What you are asked to do: An exact copy of the data is needed, but without any of its images.

Dataset content:

*** Block opens ***

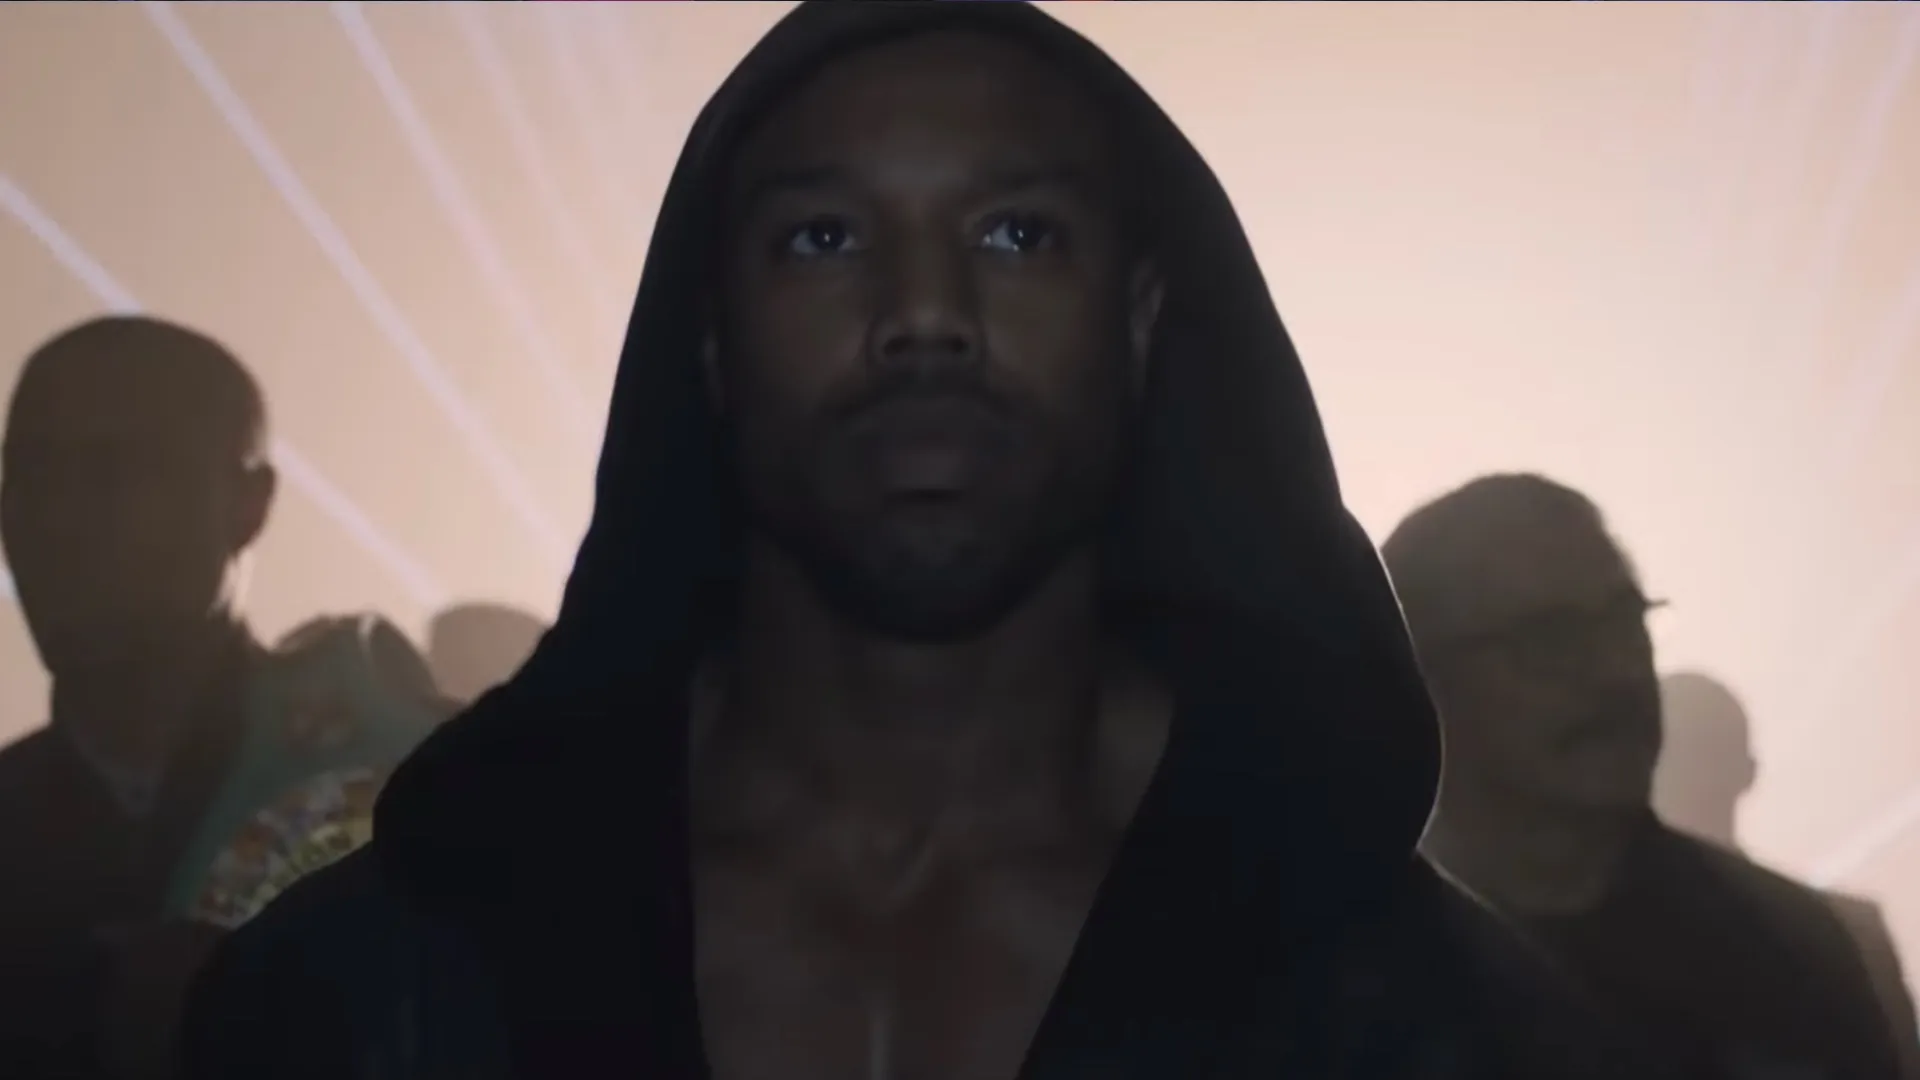 the creed ii trailer will give you chills social
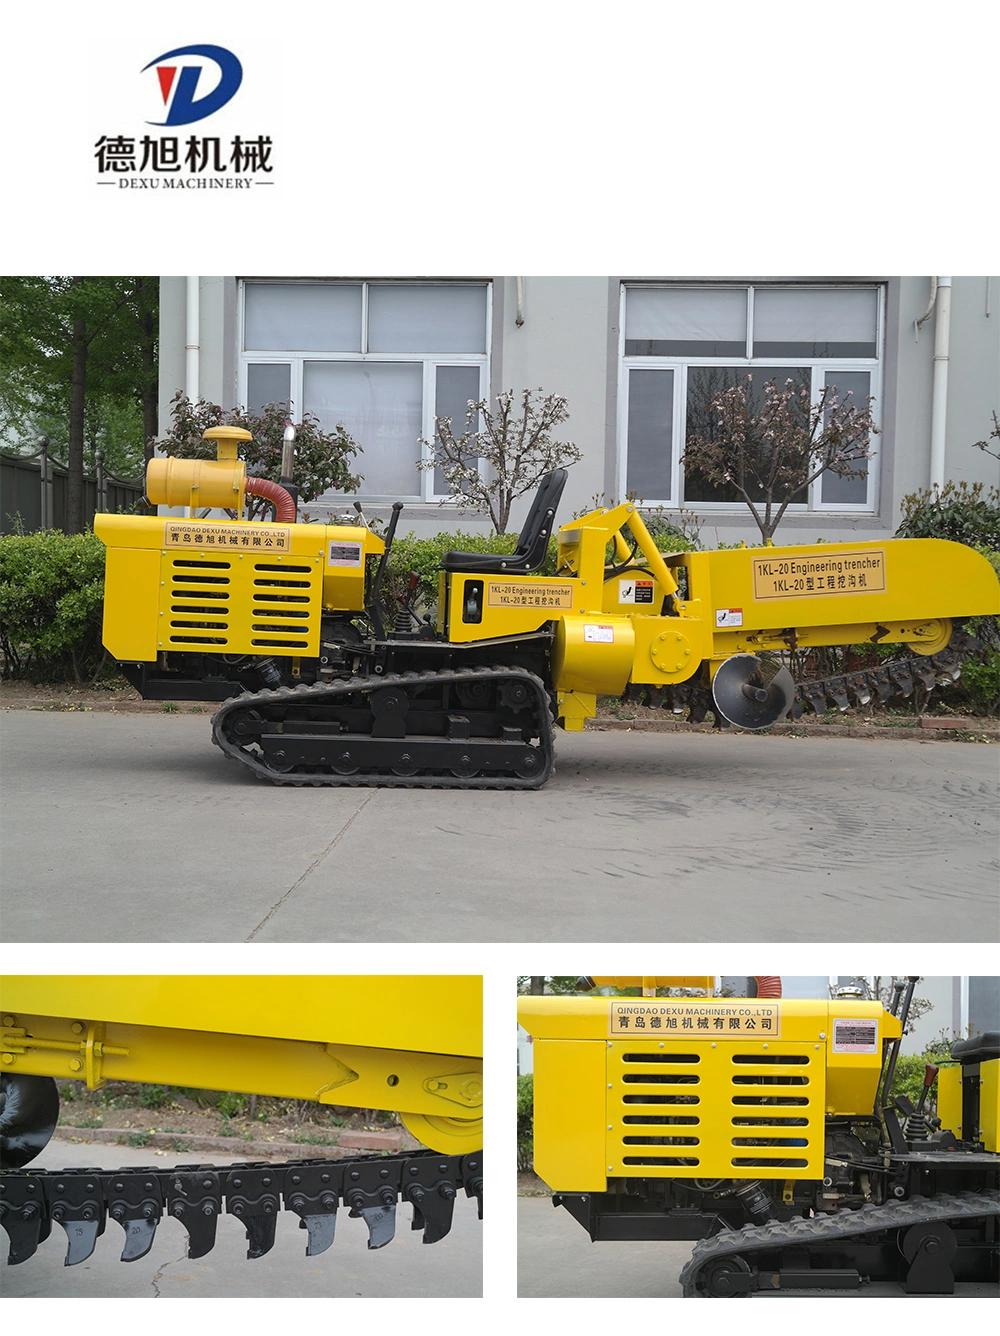 Power Tiller/ Gasoline Cultivtor and Ditcher or Trencher
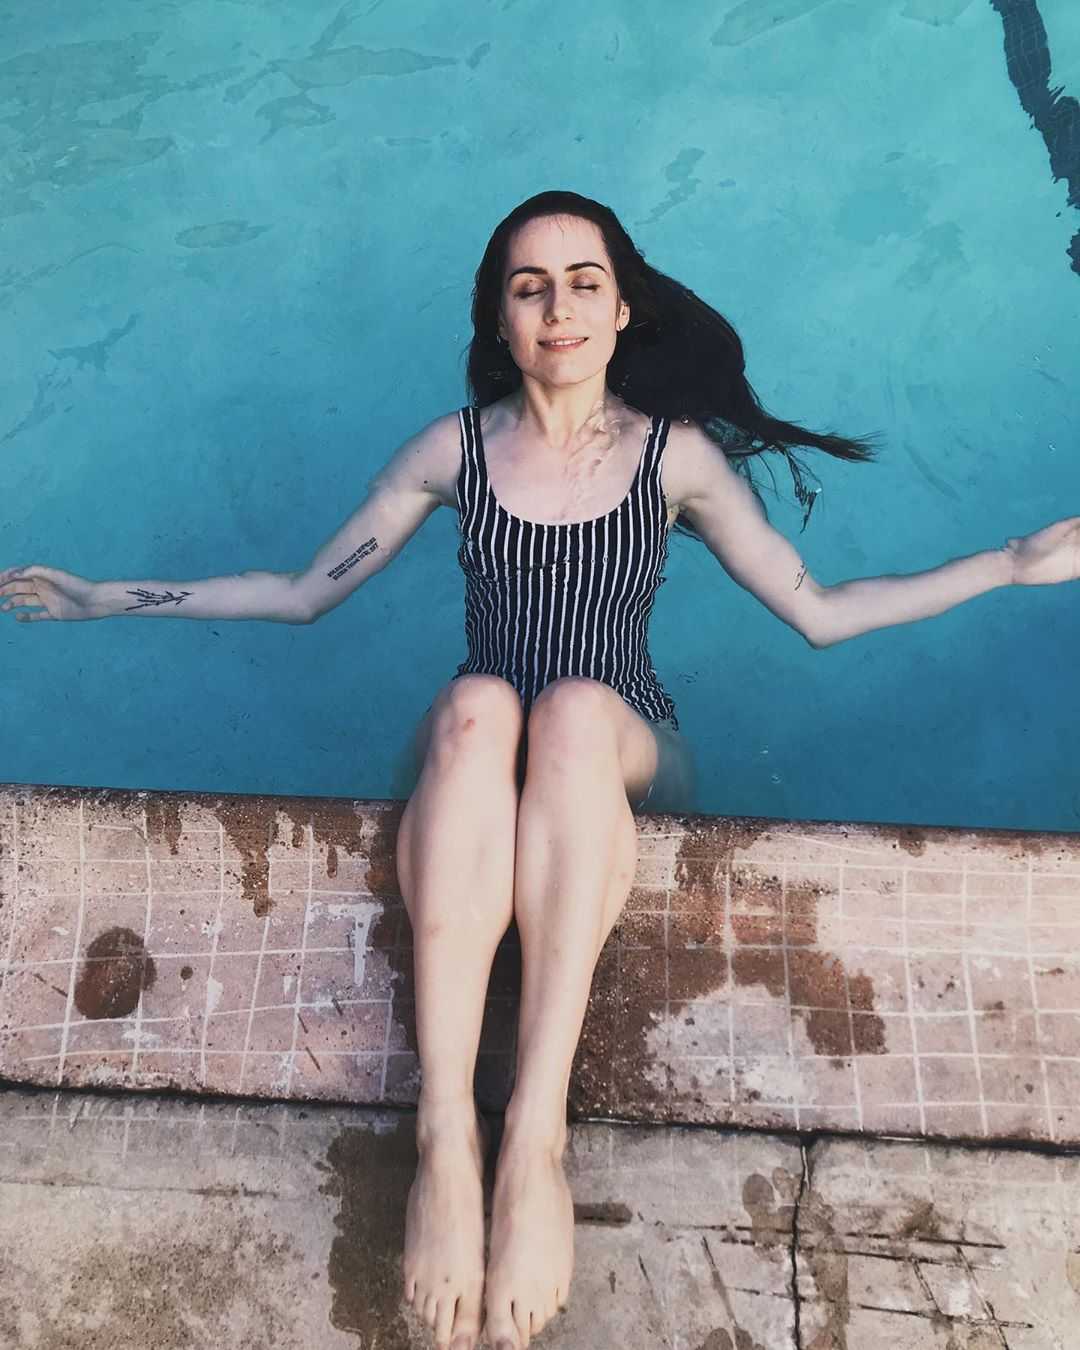 51 Hottest Dodie Big Butt Pictures Demonstrate That She Has Most Sweltering Legs 21

*** Block closes ***

Exercise response:
 the creed ii trailer will give you chills social
 Power Tiller/ Gasoline Cultivtor and Ditcher or Trencher
 51 Hottest Dodie Big Butt Pictures Demonstrate That She Has Most Sweltering Legs 21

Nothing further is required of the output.